The conversation started something like this: "Well, we went to build a website for Vivarin (we're their ad agency), and a web search turned up thousands of links pointing to your server!" What followed was a really enjoyable conversation, and a nice discussion of Vivarin sponsoring the server...I mean, how cool would that be? But the next day, I got another call, "Uh, no, our lawyers say we can't even think of doing that. You're lucky to be getting away with it."

So Vivarin rather informally and nicely asked me to stop using the name Vivarin for any popular service, and I agreed that I would. Now that I've been through the usual progression of this stuff in corporate America, it strikes me that this discussion was quite amicable and friendly.

I'd been in touch with Dave Datta for some time, and his archive remained intact at UWP. He'd just gotten a sponsor for the service, which surprisingly was AOL. They were starting to let their users roam free on the Web, and to allay some fears of the abuse and newbie-ish spam this would cause, they were sending hardware and general good feelings to people who ran interesting Web services. Dave was the lucky recipient of a big Sun SPARC-20 with a huge RAID-10, and he was getting a dedicated line to Chicago from Parkside. Wouldn't it be cool if we moved the web portion of the service back to UWP?

The timing couldn't have been more perfect. I needed a new name for the service, and running this service off my own PC was getting pretty taxing. I had already patched the Linux kernel several times to enable more TCP sockets due to the traffic I was getting, and it seemed that SunOS with an enormous quantity of RAM must just work better.

So I eagerly jumped on his new box and compiled all my code, and started pushing traffic his way. The system grew and grew. We had a mail archive of love letters from people, and we kept several thousand that said things like, "I was trying to figure out what this song was, and I searched and found it, and then I bought the album!" At one point, we had an 18,000 message backlog, and no way to reply to it all.

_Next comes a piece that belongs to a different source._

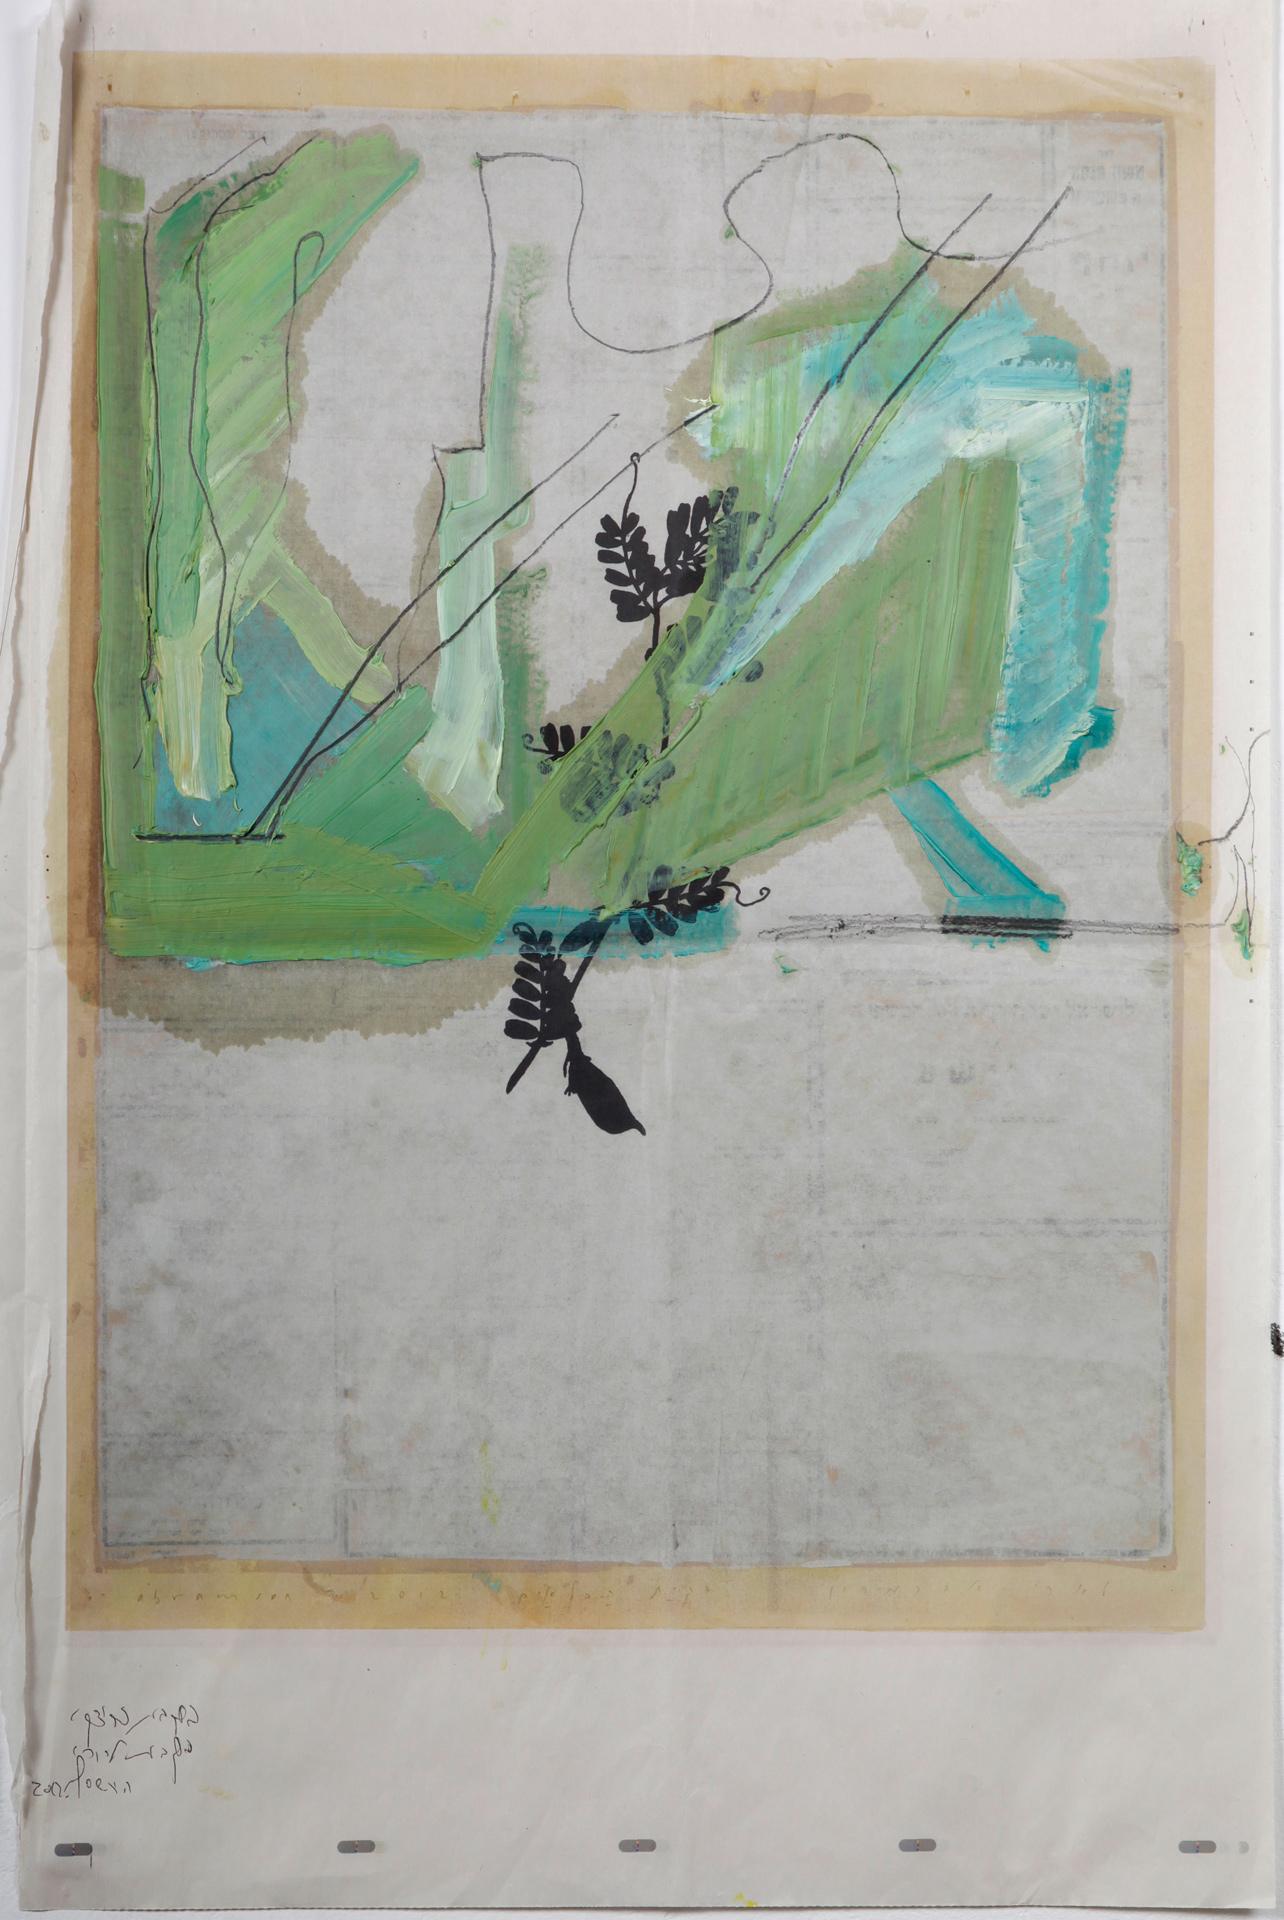 Larizari 13, Oil on readymade, 60X40 cm, 2013
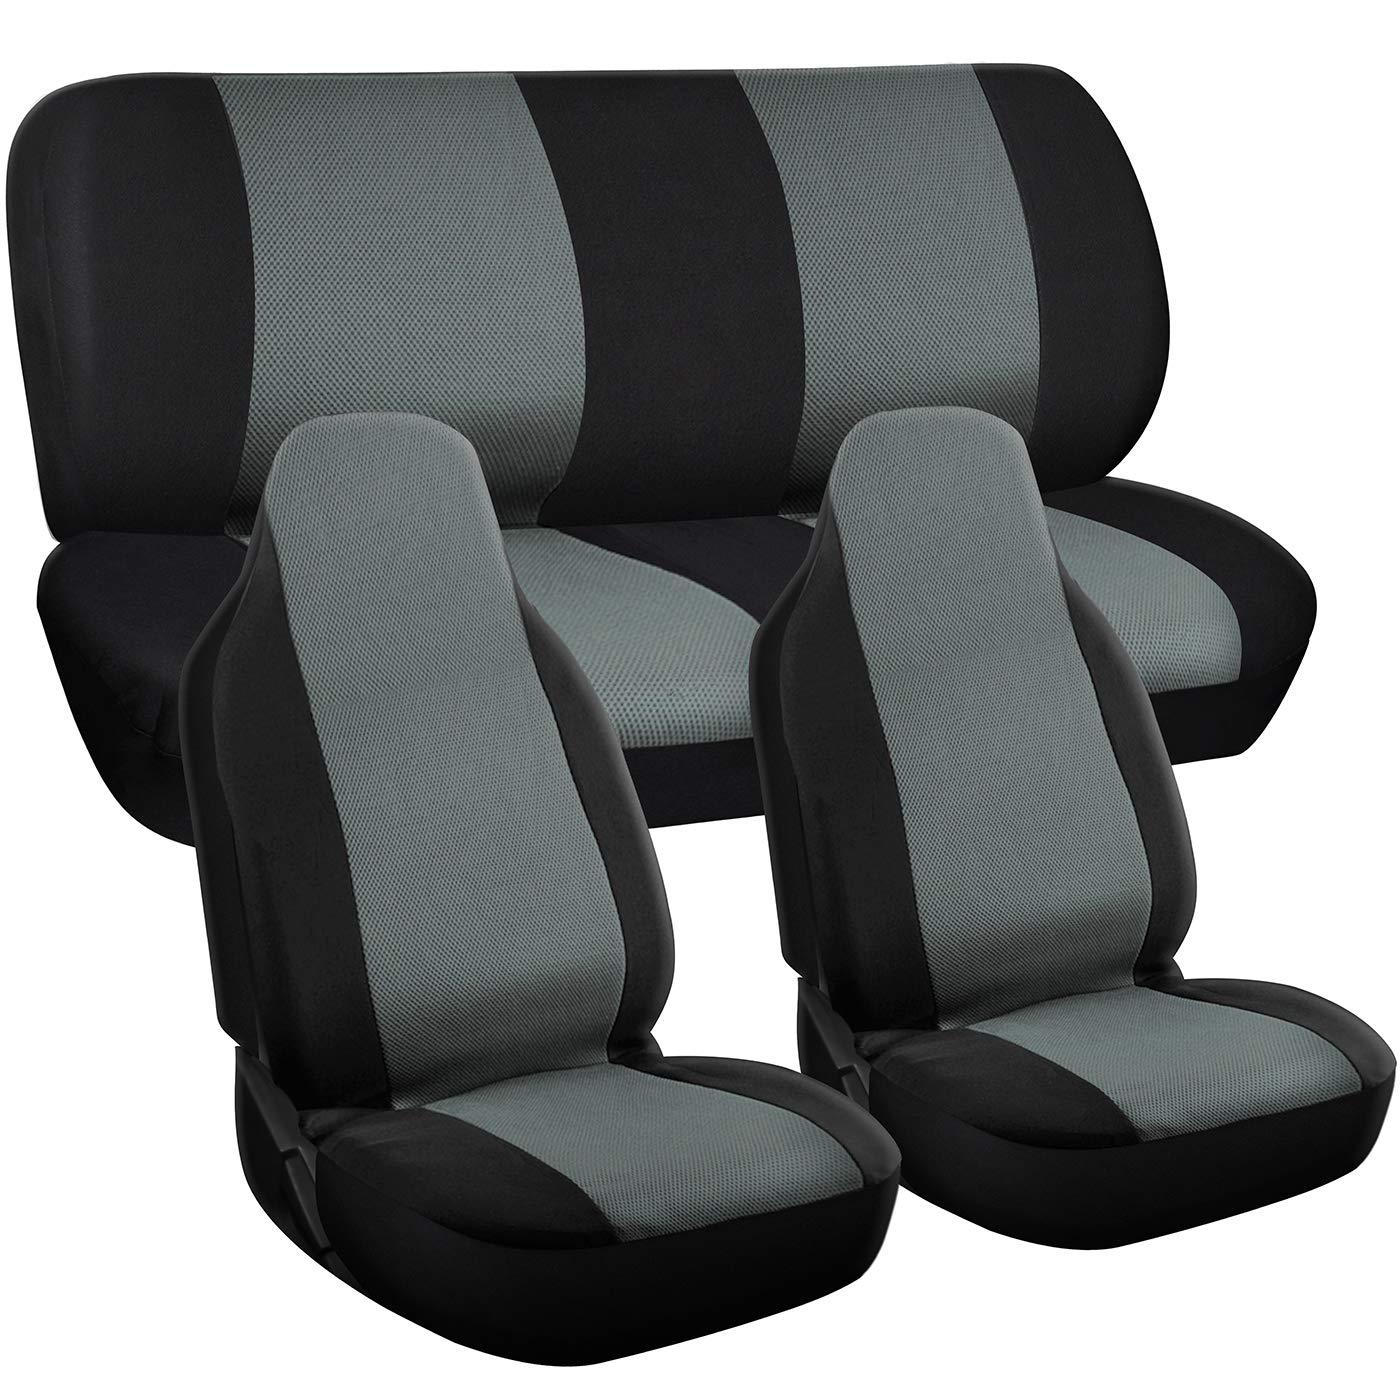 Motorup America Auto Seat Cover Full Set - Fits Select Vehicles Car Truck Van SUV - Gray and Black MUA-SCMS17GYBK-HS-NEW

I'd talked with Dave Datta some about copyright, and one day he got a call from Warner Bros., a message on his machine when he arrived at work at 8AM central time. He told me later he thought "This is it. This is the day."

The guys he was supposed to talk to were on the west coast (Pacific time) and so Dave paced around, worried, for the entire morning, for the two hours before he could talk to them.

How did the call go? Well, the Warner Brothers lawyers were happy, thanked him up and down. Apparently these guys had used our "research service" to successfully prosecute a copyright case, and thanked us for providing such a wonderful service.

Crisis...averted?

But the thing to know is that in late 1996 the WIPO (World Intellectual Property Organization) was meeting, and they formed a set of International "Internet treaties". Among other things, these treaties required copyright holders to aggressively pursue infringement of copyrighted works online.

So in October, 1996, we received a cease-and-desist from the Harry Fox Agency, representing writers for ASCAP, BMI, and SESAC. Their letter stated that our archive hurt their market for tablature sales (basically, that people wouldn't buy sheet music if it was available on the Internet.)

We had a week or so to respond. I called up some lawyers, and they told us things like these: "Well, let's see, you're at a .edu address, you're providing a research service, and there's not a clear profit motive. You might have a shot, but it will take $500,000 and 5 years of your life to find out, and if you lose it will be incredibly expensive."

My uncle, a lawyer in Arizona, took the opportunity to inform me that the reason you never hear "Happy Birthday" in a chain restaurant is because the copyright holders aggressively pursue anyone who tries to perform the song publicly. It seemed like the right time to give up.

But during that next week before we took the service down, a thing happened that I could never figure out.

The search engine became suddenly "broken", and as explanation it provided a cryptic link allowing anyone to download a large TGZ file containing all the lyrics and all the code.

There were 17 full downloads of that file, and I guess this explains why there were quite similar services all over Europe the year after that.